Cubes also sit diagonally in the 4-dimensional cube. They may have coordinates xxyz, where xx runs over (11,22,33) or (13,22,31), while y and z run over (1,2,3). These cubes have a different distribution of 2s than the ordinary slices: (a,b,c,d,e) = (8,8,6,4,1) instead of (8,12,6,1,0) for the side slices and (0,8,12,6,1) for the middle slices. So a different set of inequalities arise. Apply the same procedure as described above for n=3: (Run through the [math]2^{27}[/math] subsets of the cube; identify those without combinatorial lines; calculate their statistics in the new xxyz arrangement; retain the Pareto-optimal statistics; retain the extremal statistics; find what inequalities they satisfy.) The inequalities that arise are

  • [math]2a+b+2c+2d+4e \le 24[/math] and
  • [math]4a+b+2c+2d+4e \le 32[/math]

within the 3D cube, which when averaged becomes

  • [math]4a+b+2c+4d+16e \le 96[/math] and
  • [math]8a+b+2c+4d+16e \le 128[/math]

for the 4D cube.
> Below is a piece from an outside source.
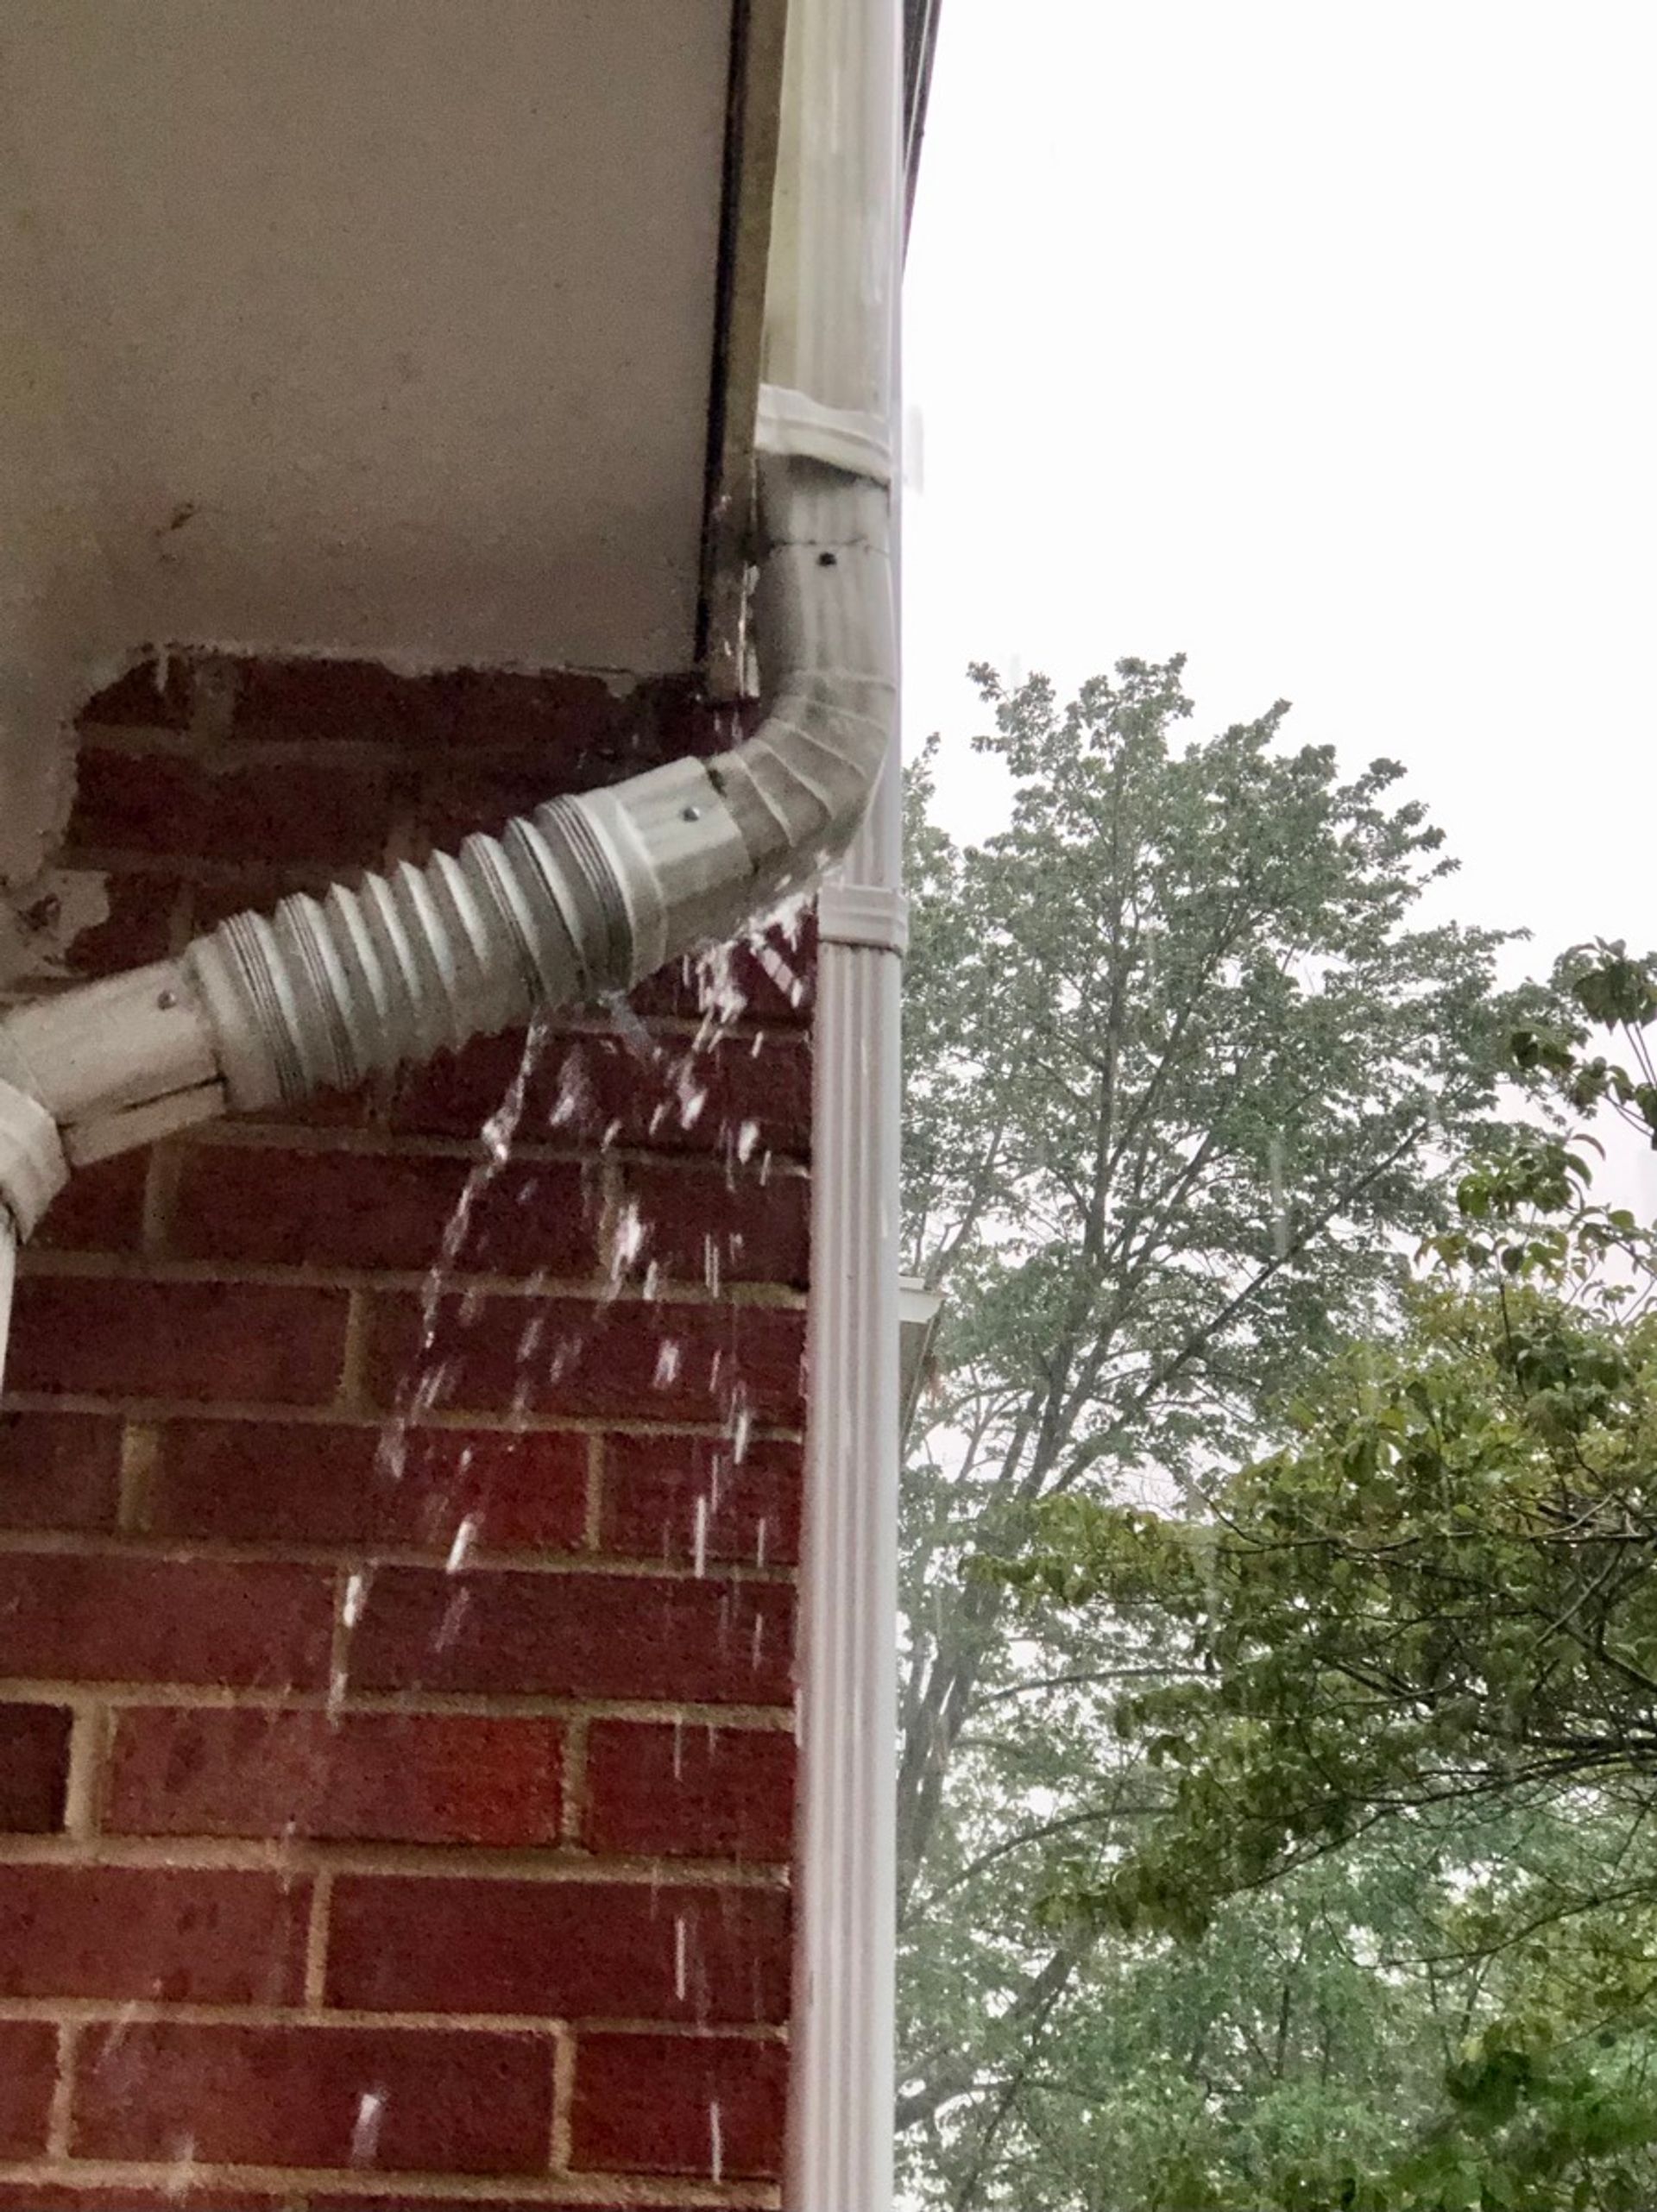 Rain Overflowing Gutters And Downspout 2023 11 27 05 29 48 Utc

A spreadsheet containing these statistics can be found here on sheet 2. Other sheets of this spreadsheet contain results for a 3D cube sitting diagonally in a 5D, 6D or 7D cube. Notice the similarity of the equations that arise for the xxxyz, xxyyz and xxxxyz diagonals. Also notice the (a,b,c,...) statistics for the xxxxyyz diagonals have the same Pareto sets and linear inequalities as the cube's c-statistics.

The c-statistics for the 3D cube are bounded by a set of 20 inequalities. By considering the fourteen ways a 3D cube sits in the 4D cube, the result is a set of 239 inequalities for the 4D cube's c-statistics. However, all 239 inequalities are satisfied by a 44-point solution given by c(xxxx) = c(2xxx) = c(22xx) = 4, and permutations.

If a Moser set for n=4 has 4 or more points with three 2’s it has less than 41 points.

We first note that, as shown above, if a Moser set includes 2222, it has at most 39 points. So any Moser set with 41 or more points has no point with four 2's. So e=0.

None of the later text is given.